1. Análisis de sustitución
Dada la forma $a^2 + u^2$, usamos sustitución trigonométrica.
Sea $\sqrt{3}x = \sqrt{2} \tan \theta$, entonces:
$x = \sqrt{\frac{2}{3}} \tan \theta \implies dx = \sqrt{\frac{2}{3}} \sec^2 \theta d\theta$.
Además, $2 + 3x^2 = 2(1 + \tan^2 \theta) = 2 \sec^2 \theta$.

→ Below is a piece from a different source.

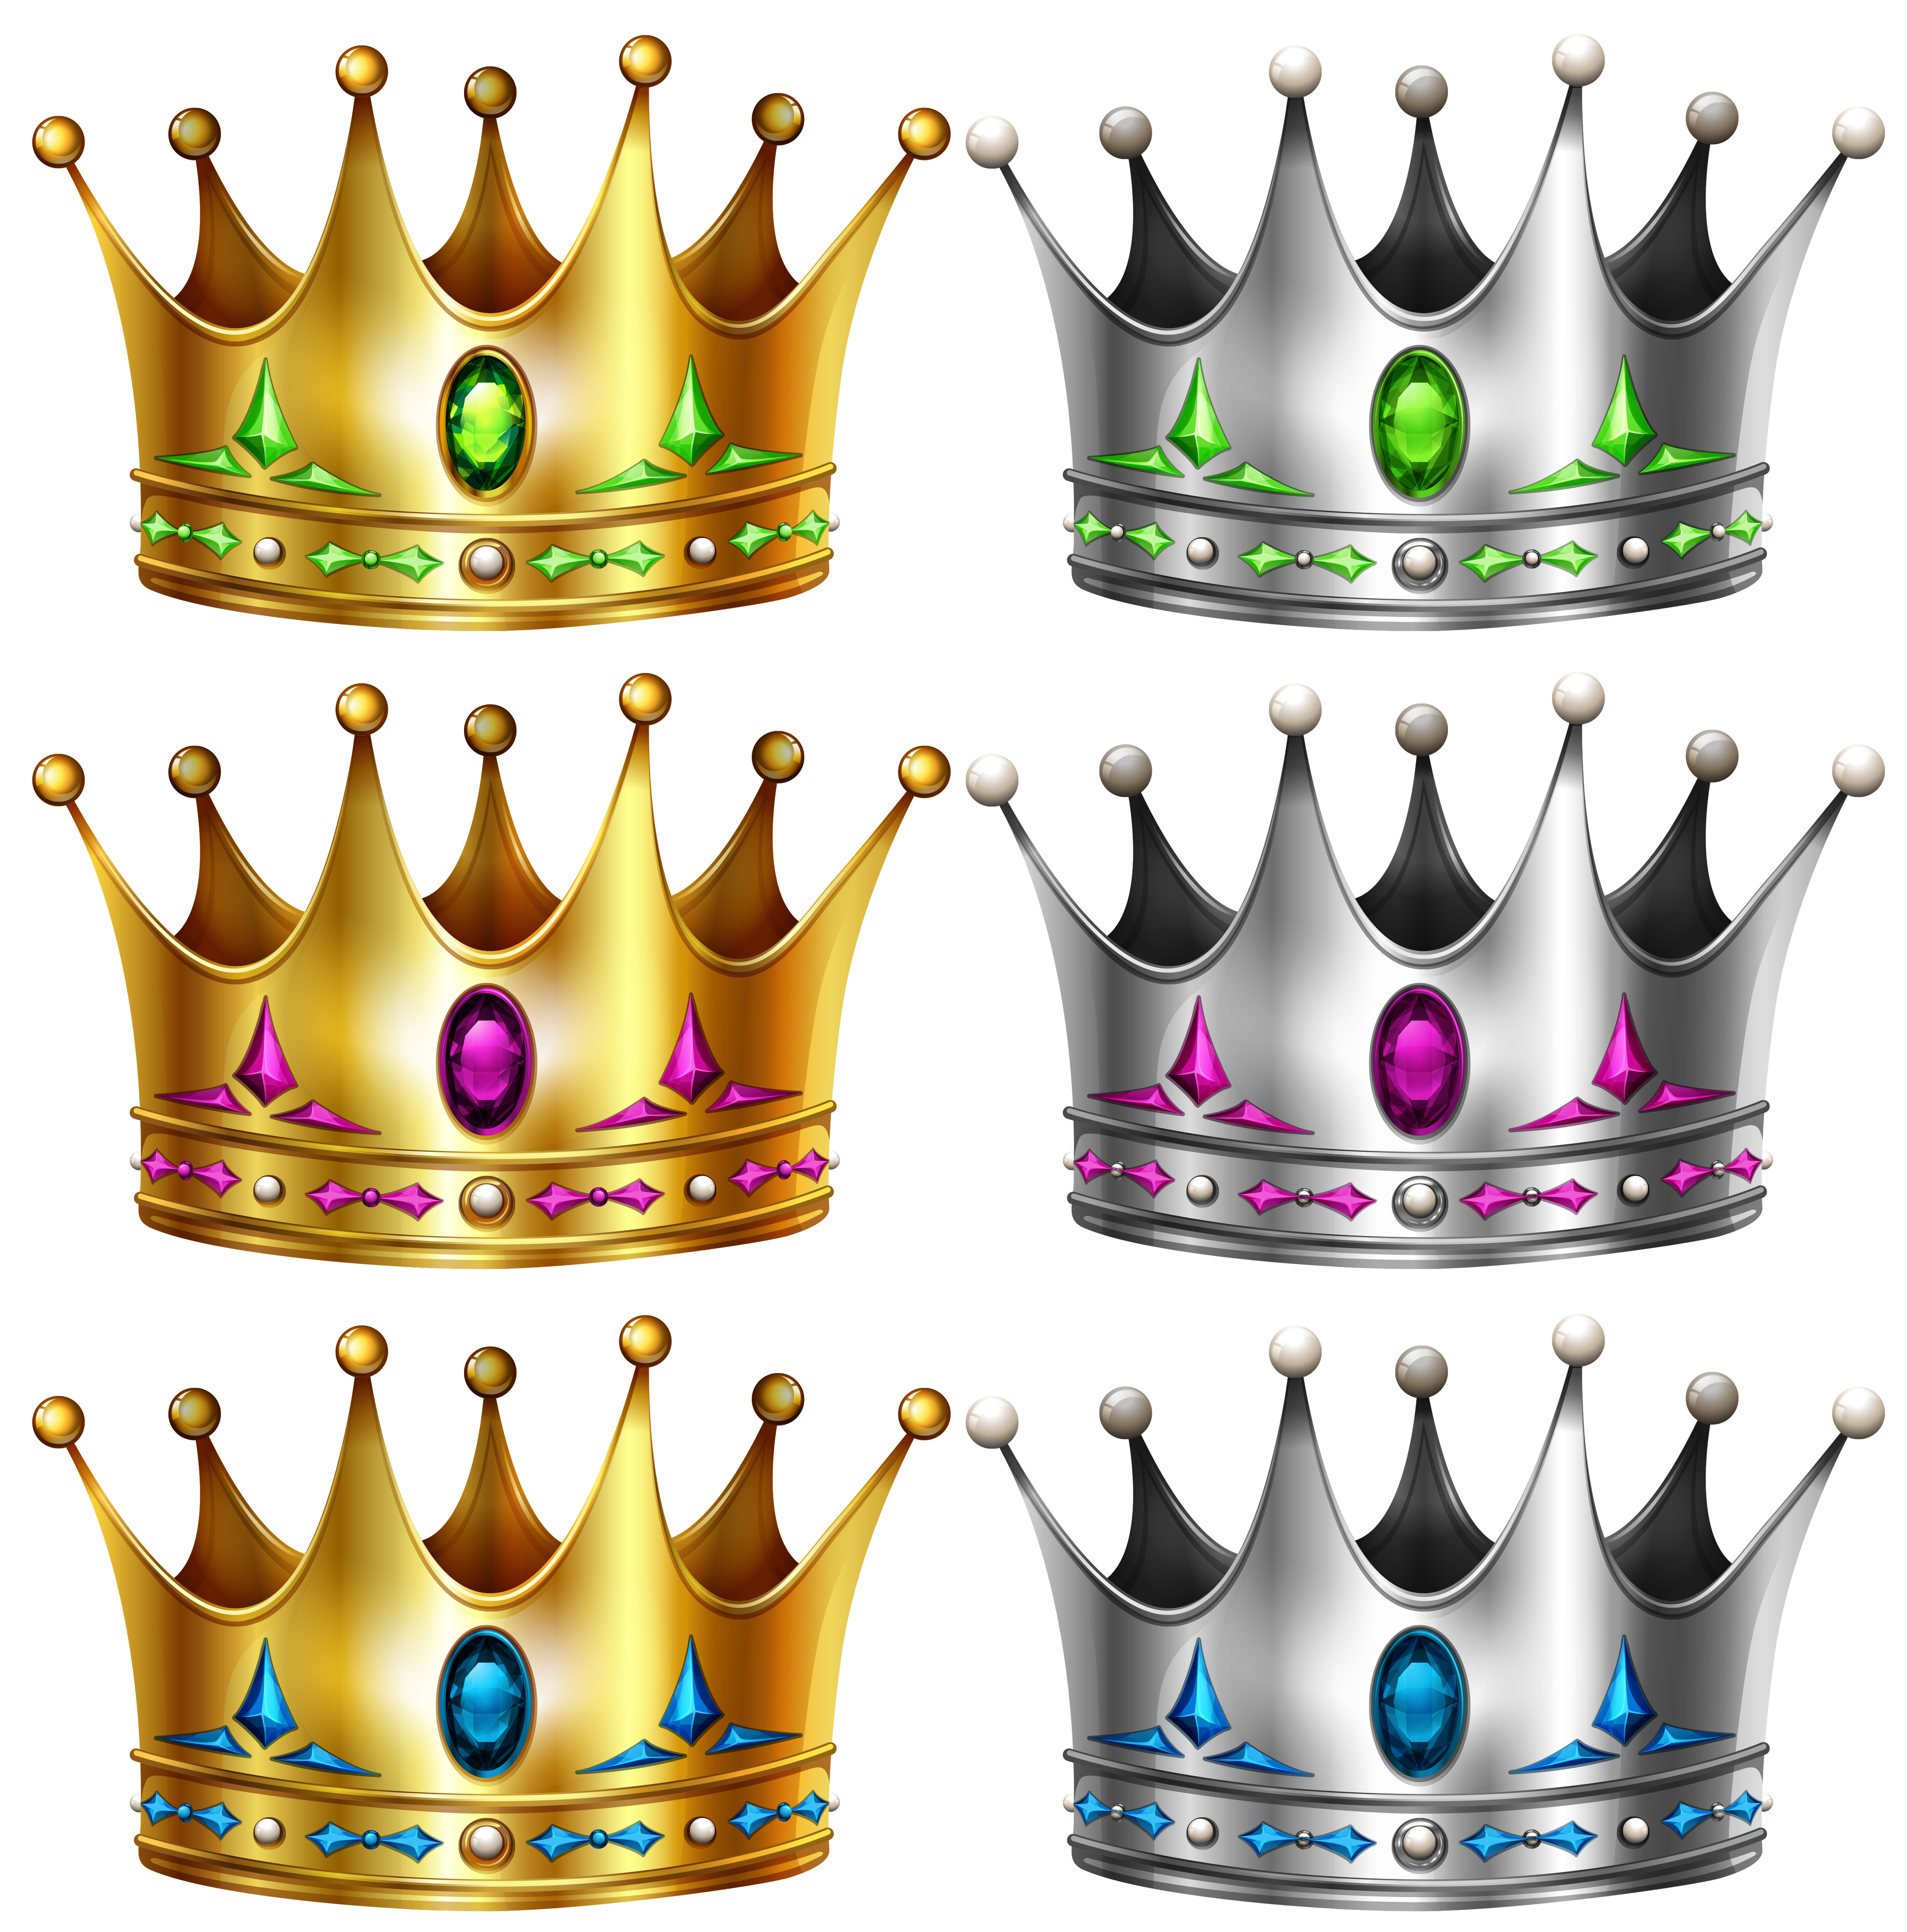 Download Crowns 430445 - Download Free Vectors, Clipart Graphics ...

2. Sustitución en la integral
$$ \begin{aligned} I &= \int \frac{\sqrt{\frac{2}{3}} \sec^2 \theta d\theta}{\left(\sqrt{\frac{2}{3}} \tan \theta\right)^2 (2 \sec^2 \theta)^{5/2}} \\ I &= \int \frac{\sqrt{\frac{2}{3}} \sec^2 \theta}{\frac{2}{3} \tan^2 \theta \cdot 2^{5/2} \sec^5 \theta} d\theta = \frac{\sqrt{2/3} \cdot 3}{2 \cdot 4\sqrt{2}} \int \frac{1}{\tan^2 \theta \sec^3 \theta} d\theta \\ I &= \frac{\sqrt{2}/\sqrt{3} \cdot 3}{8\sqrt{2}} \int \frac{\cos^2 \theta}{\sin^2 \theta} \cos^3 \theta d\theta = \frac{\sqrt{3}}{8} \int \frac{\cos^5 \theta}{\sin^2 \theta} d\theta \end{aligned} $$

3. Resolución de la integral de senos y cosenos
$\int \frac{(1 - \sin^2 \theta)^2 \cos \theta}{\sin^2 \theta} d\theta$. Sea $u = \sin \theta, du = \cos \theta d\theta$:
$$ \int \frac{(1 - u^2)^2}{u^2} du = \int \frac{1 - 2u^2 + u^4}{u^2} du = \int (u^{-2} - 2 + u^2) du = -\frac{1}{u} - 2u + \frac{u^3}{3} $$

4. Retorno a la variable $x$
Usando el triángulo para $\tan \theta = \frac{\sqrt{3}x}{\sqrt{2}}$, tenemos $\sin \theta = \frac{\sqrt{3}x}{\sqrt{2+3x^2}}$.
Sustituyendo estos valores se llega a la expresión final simplificada.
$$ \boxed{I = \frac{\sqrt{3}}{8} \left[ -\frac{\sqrt{2+3x^2}}{\sqrt{3}x} - 2\frac{\sqrt{3}x}{\sqrt{2+3x^2}} + \frac{1}{3}\left(\frac{\sqrt{3}x}{\sqrt{2+3x^2}}\right)^3 \right] + C} $$